Cocoa Coconut Milk Soap

If you’ve followed this blog you know that we make our own soap. We started with this basic bar and graduated to using goats milk instead of water. We found that we absolutely love goats milk soap since it gives the soap so much lather. Well, we have moved on to our new favorite – coconut milk soaps!

This is one of our new ones we made in our last soaping session back in March. It’s our Cocoa Coconut Milk soap. In addition to using coconut milk, we also processed it at room temperature. More about that later.

Cocoa Coconut Milk Soap
Cocoa Coconut Milk Soap

It’s a beautiful brown bar.

Closeup of Cocoa Coconut Milk Soap
Closeup of Cocoa Coconut Milk Soap

Here is the lather with just a tiny bit of water and me spinning the soap around in my hand twice.

Great lather from Cocoa Coconut Milk soap
Great lather from Cocoa Coconut Milk soap

To use the coconut milk, we pour the liquid into ice cube trays and freeze it. Then when we are ready to make soap, all we have to do is pull out some cubes and weigh them to get the correct amount. The cubes are easy to cut if needed.

Coconut milk and frozen cubes
Coconut milk and frozen cubes
Cocoa Coconut Milk Soap [print_link]

Olive Oil (30%) 270 grams

Palm Oil (30%) 270 grams

Coconut Oil (25%) 225 grams

Castor Oil (5%) 45 grams

Cocoa Butter (10%) 90 grams

coconut milk (frozen into cubes)  – 342 grams

lye – 125 grams

2 Tablespoons Coconut  Fragrance Oil

4 Tablespoons Avocado oil at trace (OPTIONAL)

This makes 2 lbs of soap or 10 bars.

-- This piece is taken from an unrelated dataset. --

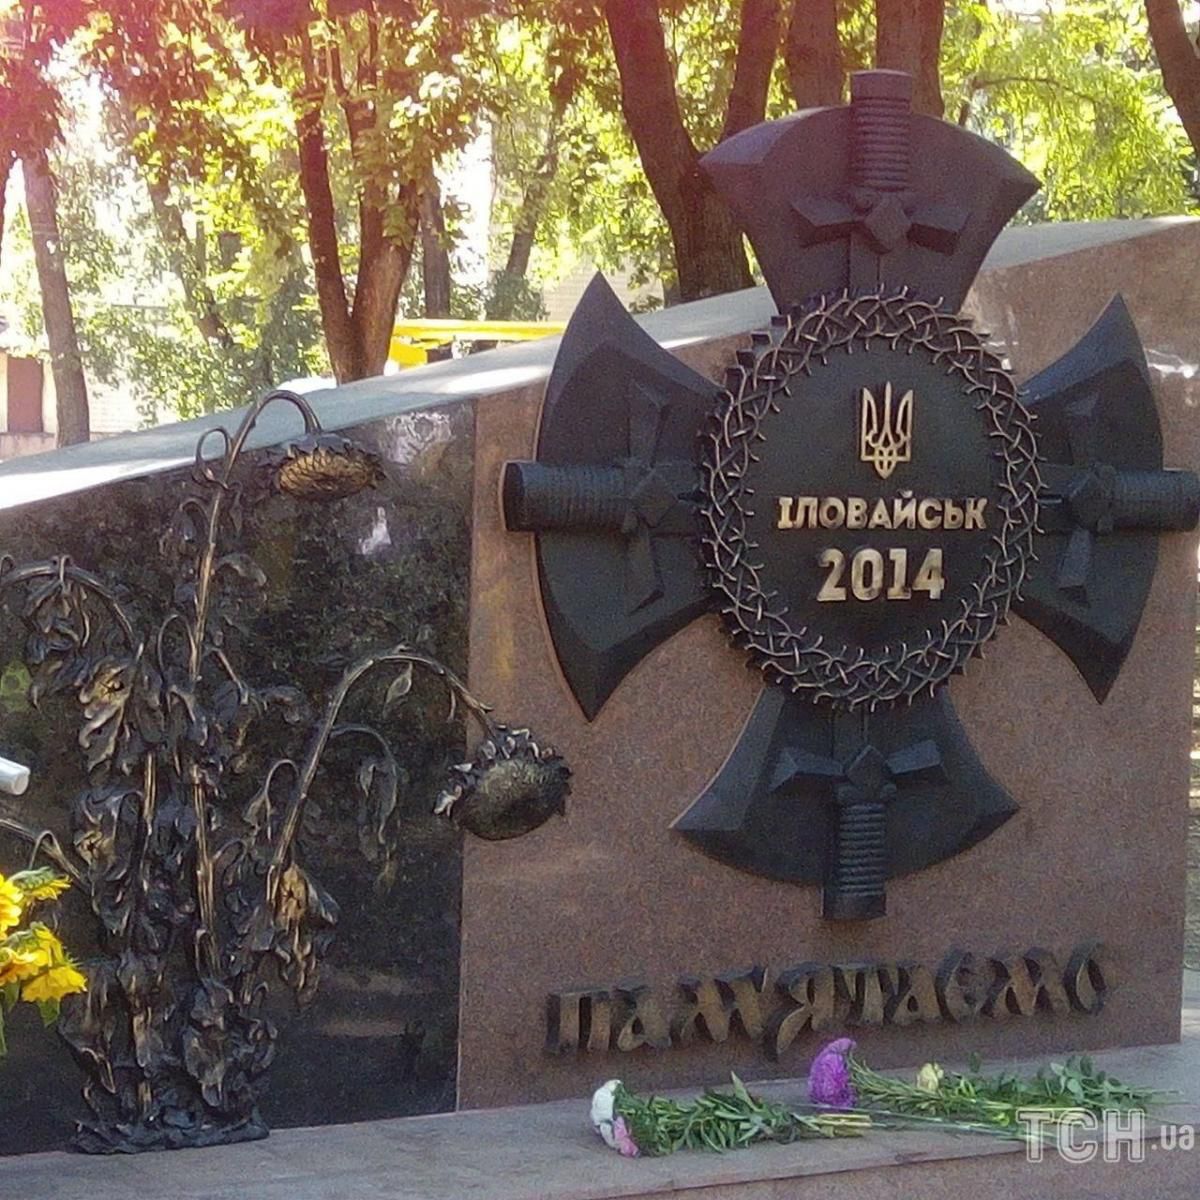 Tragedia de Ilovaysk. La memoria de los que cayeron en combate fue honrada en Ucrania

As with any recipe you get off of the internet, please run this through one of the calculators. This one is my favorite.

Please refer to the cold process instructions here.

However, we decided to experiment with room temperature process on this batch. We put the frozen coconut milk cubes into the lye container. We then added the lye little by little as it melted the coconut milk. While Dave worked with the lye and coconut milk, I melted the oils. Once both solutions were melted we set them aside and made another soap. When we came back to this soap, both containers were around 65 or 70 degrees (remember this is March and our house is cool). We proceeded like we normally do adding the lye-coconut milk solution to the oils. We added the fragrance oil and Avocado oil at trace.

We wanted to experiment with room temperature soap and it worked. If you are just starting to make soap, I’d still recommend you work with the “normal” or more popular process. However, if you’ve got some bars under your belt, try this.

Also, you will notice that I have indicated that the Avocado oil is optional. We’ve been adding oils at trace and from everything we’ve read it doesn’t really add much to the bar. We’ve decided that our future bars will not have any oil added at trace.

If you have made our Coconut Cocoa Soap (which is still one of my favorites), the only difference is that we used coconut milk instead of goats milk.

We found this soap to be so creamy and bubbly, but still a hard bar. We’ll still make some goats milk soaps, but coconut milk sure kicks it up a notch! We’ll be making more once the gardening slows down.